**What is being asked**: Whatever lies between the line with "Epson Powerlite 95" and the end of the data, both included, must be copied exactly and without pictures.

**Collected data**:
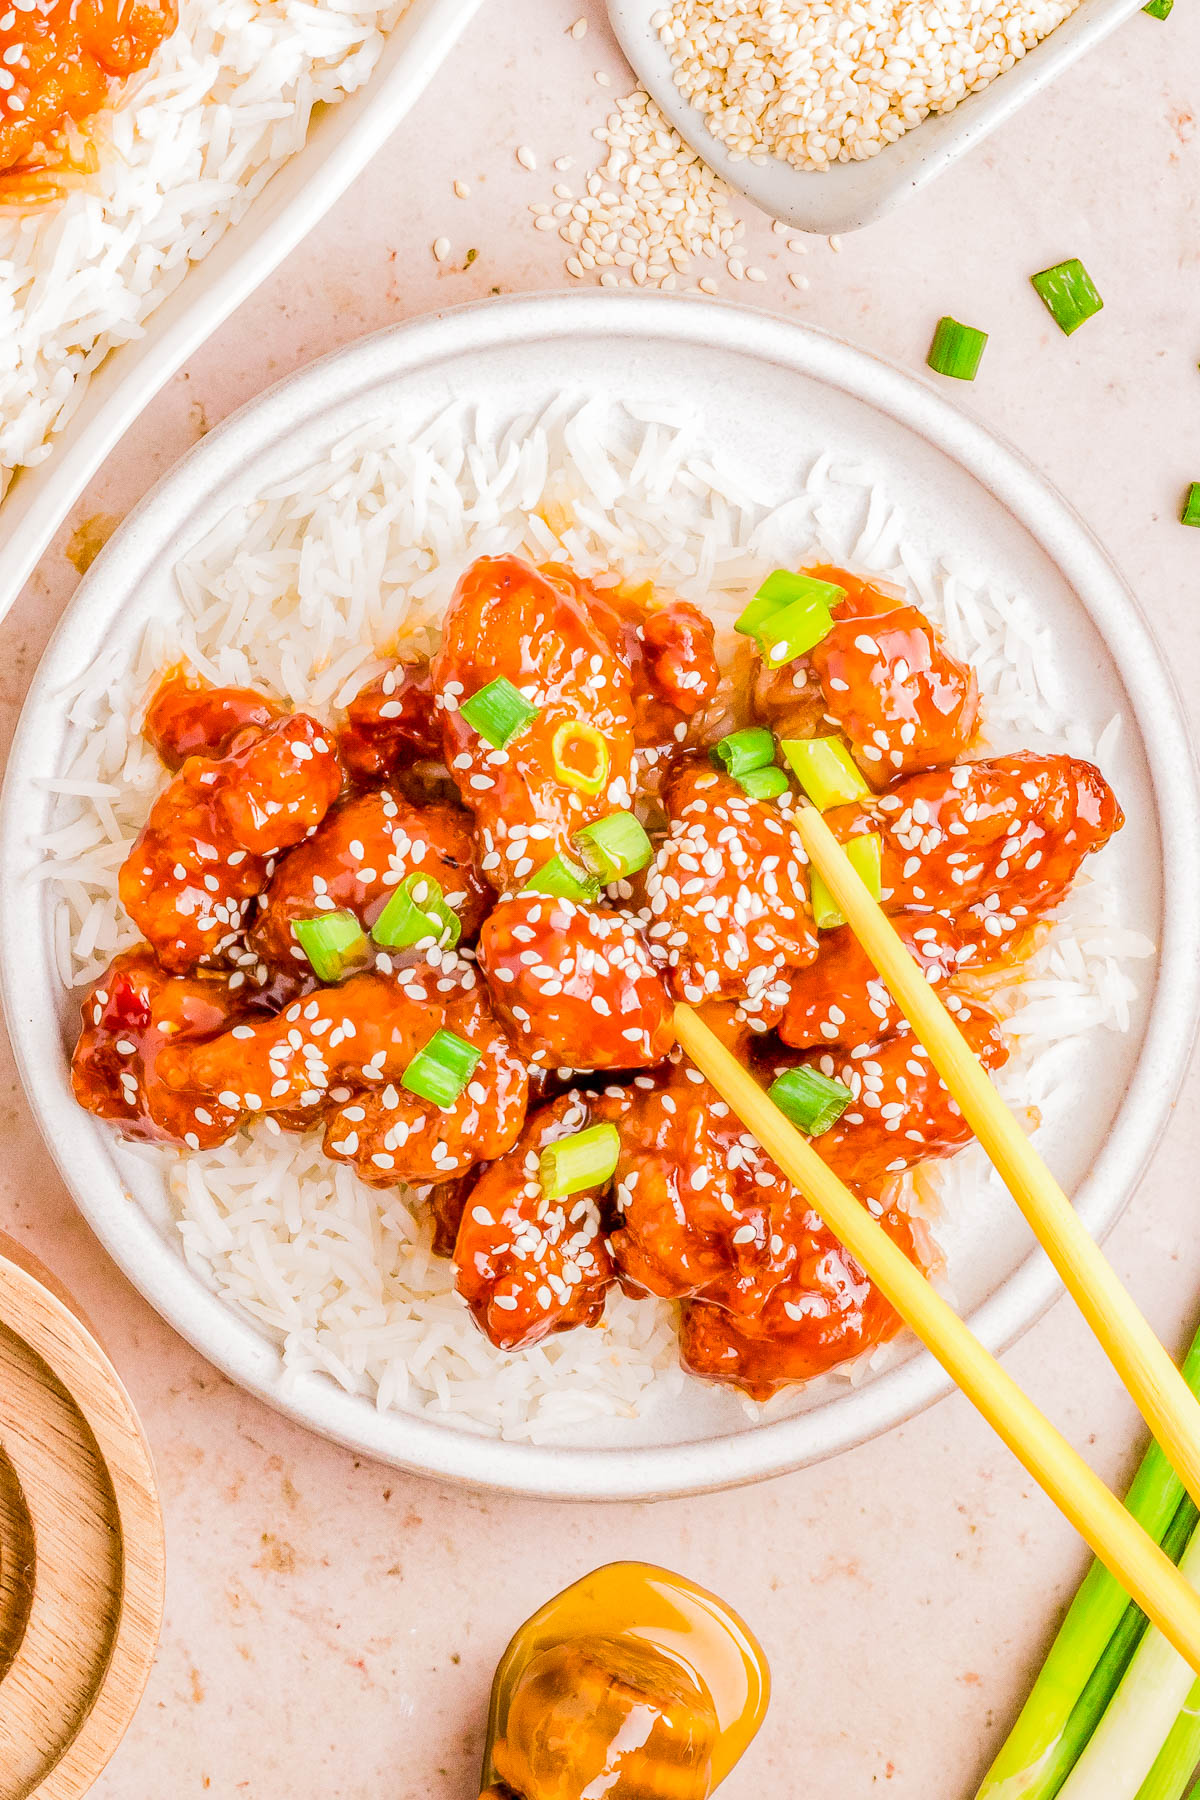 A plate of sesame chicken garnished with sesame seeds and green onions, served over white rice, with chopsticks on the side.
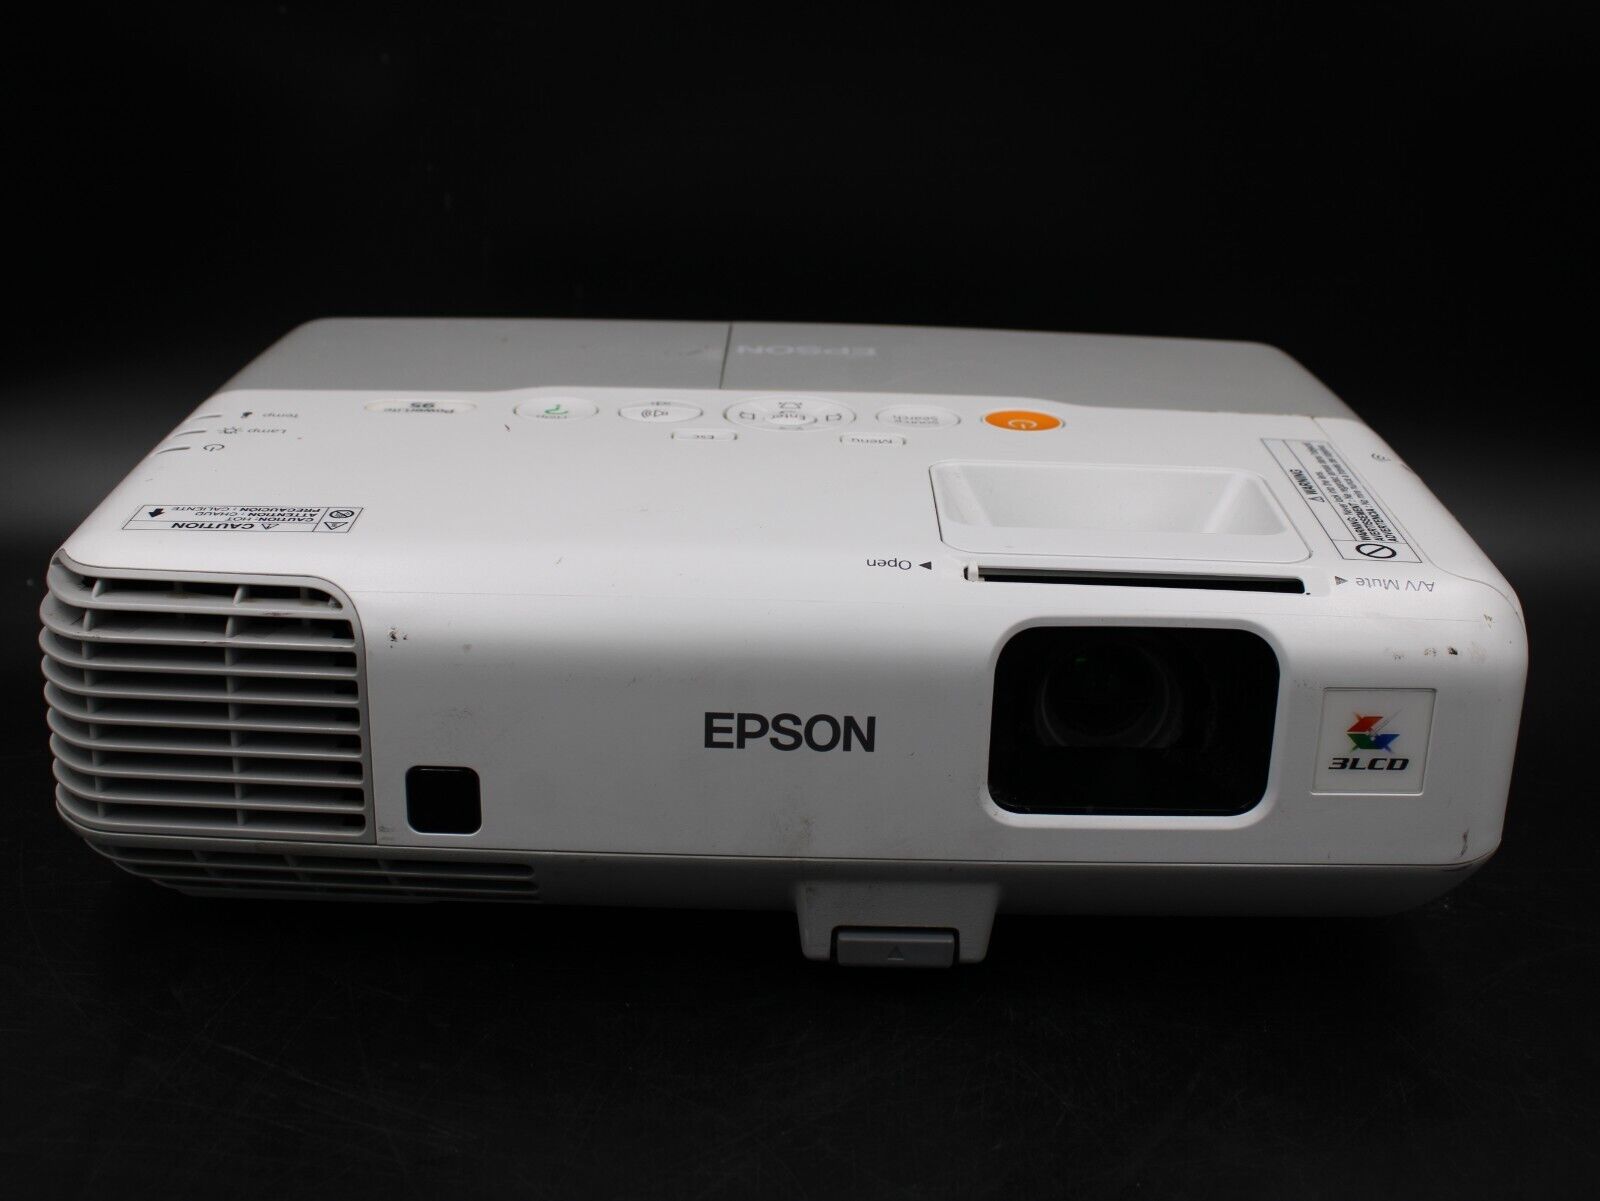 Epson Powerlite 95 XGA 3LCD HDMI Projector 1000-1999 Lamp Hours TESTED
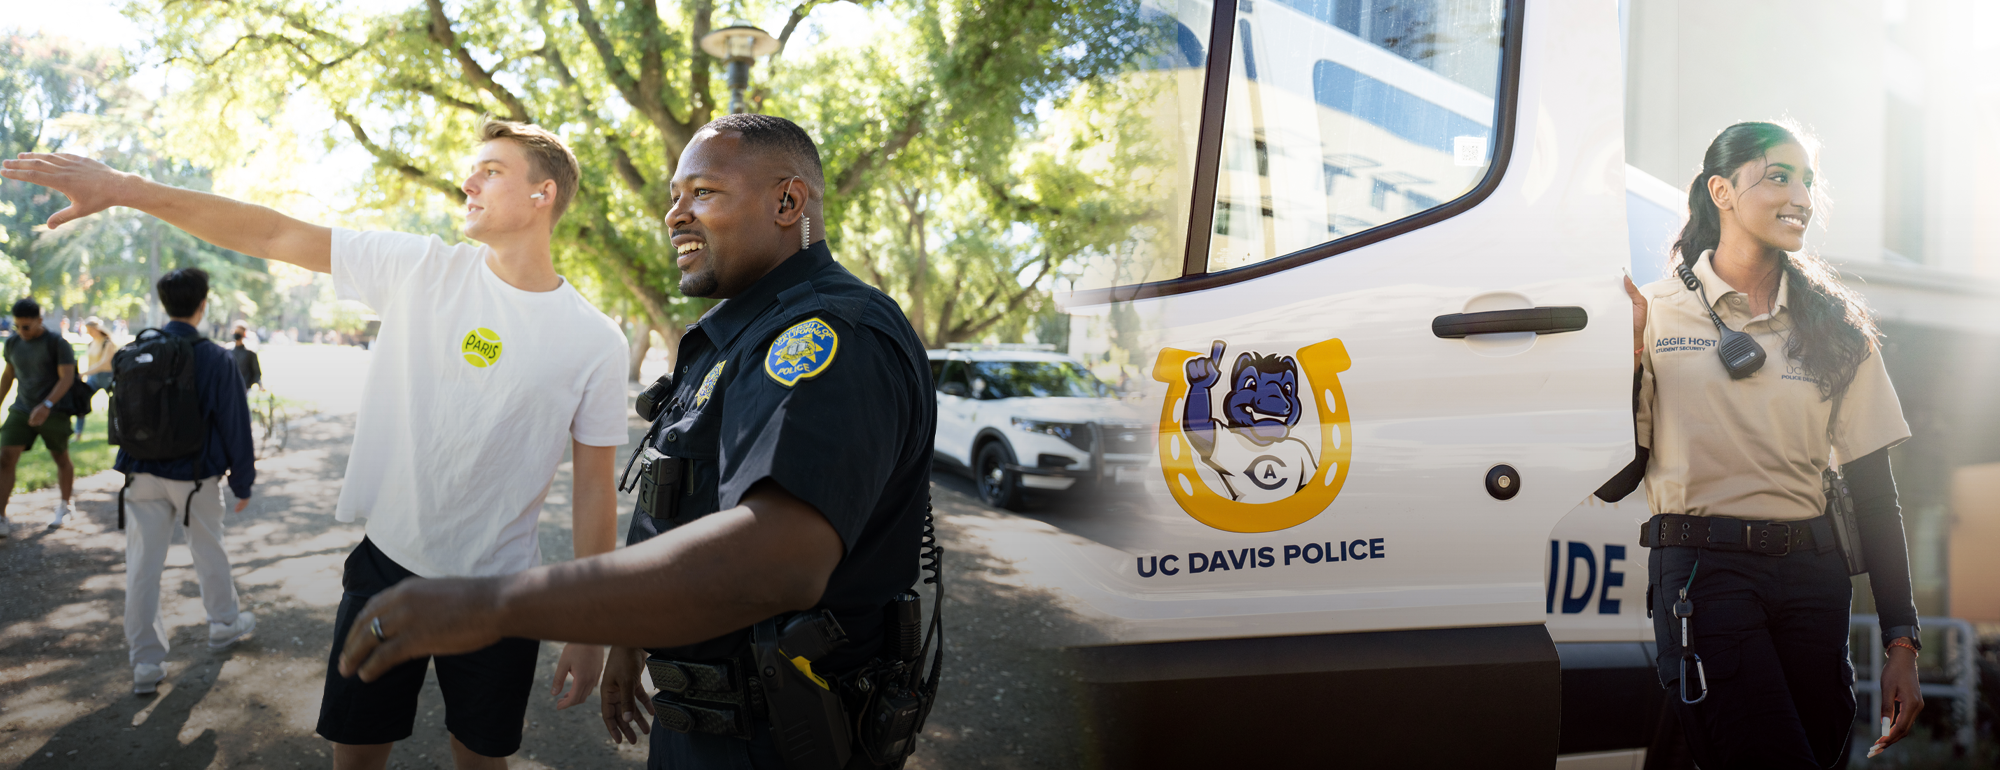 Collage with image of police officer and student smiling on the Quad together and an image of an Aggie Host smiling while opening the door of a Safe Ride van.

**Response to this exercise**:
 Epson Powerlite 95 XGA 3LCD HDMI Projector 1000-1999 Lamp Hours TESTED
 Collage with image of police officer and student smiling on the Quad together and an image of an Aggie Host smiling while opening the door of a Safe Ride van.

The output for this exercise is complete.